И он выложил их на простыню, так, чтобы мистер Вуд смог хорошо их рассмотреть.

— Ну конечно же, это мой Надоеда! — тотчас воскликнул больной. — Никакого сомнения! — И он поднял на репортера полные слез глаза. — Боже правый, что они там с ним сделали? Как он вообще умудрился им в руки попасть?.. Смотреть больно… Мистер Драйвер, пожалуйста, скажите сразу — где Надоеда? Его убили или как?

— Понимаете, — ответил журналист, — мне очень жаль, но велика вероятность, что его действительно уже застрелили. Вчера поздно ночью собак заметили в Эскдейле, и в настоящий момент военные прочесывают долину. У них приказ — немедленно открывать огонь на поражение. Меня они, естественно, и не подумают слушать, но, если врачи согласятся вас отсюда выпустить, я бы сам отвез вас в Эскдейл и помог чем только смогу!

— На самом деле, — сказал мистер Вуд, — если я решу уйти из больницы, по закону они не имеют права препятствовать. Мистер Драйвер, вы очень добры, но не слишком ли вас все это обременит? Я ведь без посторонней помощи даже ходить не могу. Боль ни при чем, я ее вытерплю, но я очень быстро устаю.

— Посторонняя помощь — это я, мистер Вуд.

— И вы правда думаете, что есть еще шанс спасти Надоеду?

— Я думаю, что грех не воспользоваться самомалейшей возможностью что-то исправить, хотя, черт возьми, очень плохо представляю себе, как это может выглядеть на деле. Еще я очень боюсь, что мы уже опоздали. Повторюсь: я готов помочь вам выйти отсюда и со всей мыслимой скоростью отвезу вас к месту событий. Чего скрывать, мистер Вуд, я же репортер, а тут такая история! Но в данном случае я и правда хочу помочь, я полностью на вашей стороне. От чистого сердца это говорю! Ну же, где ваша одежда? Вон в том шкафу? Держите!
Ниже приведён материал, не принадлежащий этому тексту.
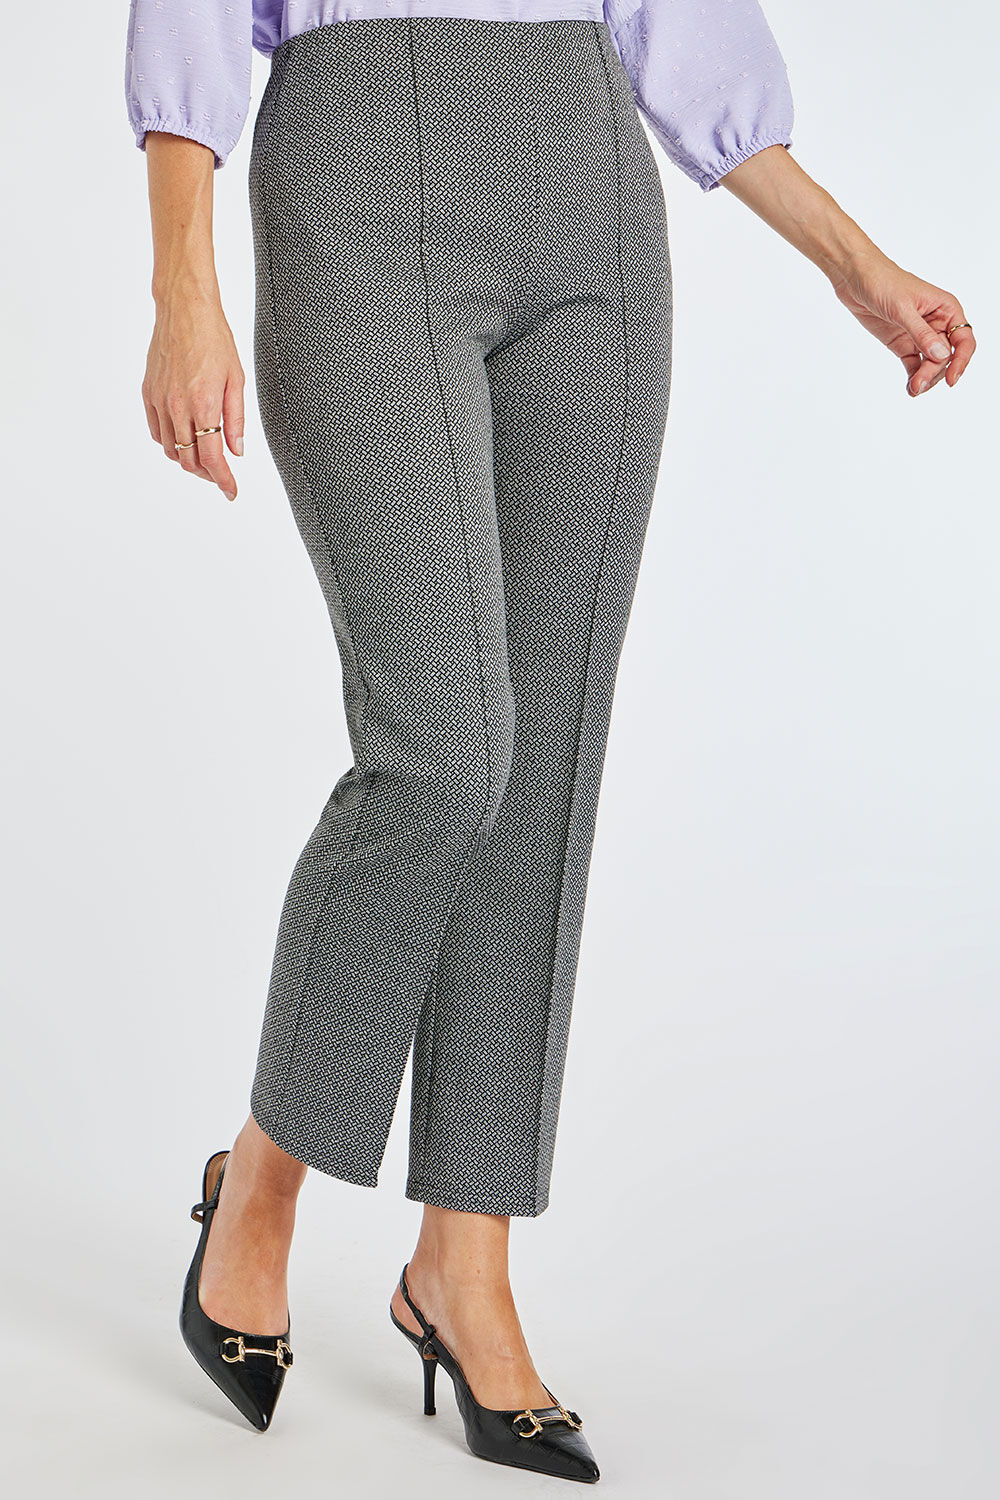 Alfani Womens Jacquard Print Casual Trouser Pants, Green, 6 - Walmart.com

Вот сядем в машину, и я вам все подробности расскажу…

Похищение мистера Вуда из больницы оказалось задачей почти непосильной даже для Дигби Драйвера. Пожалуй, кроме него очень мало кто справился бы. Сущий подвиг Геракла! Дважды у него едва не доходило до рукопашной с врачами. Персонал обрывал телефоны, запрашивая мнение медицинских светил, но Дигби Драйвер шел напролом, ни на что не обращая внимания. Когда прибежал дежурный хирург, довольно приятный на вид молодой человек, репортер предложил ему на выбор: вызвать полицию, засудить «Лондонский оратор» или прыгнуть в Уэстуотер. Решительно настроенный привратник в вестибюле (между прочим, кавалер «Африканской звезды»[102] со специальной наградной планкой за службу в Восьмой армии) был послан весьма далеко и надолго: Дигби Драйвер клятвенно заверил его, что, вздумай он хоть пальцем тронуть самого журналиста или его спутника, «Лондонский оратор» размотает ему кишки и вывесит их на просушку.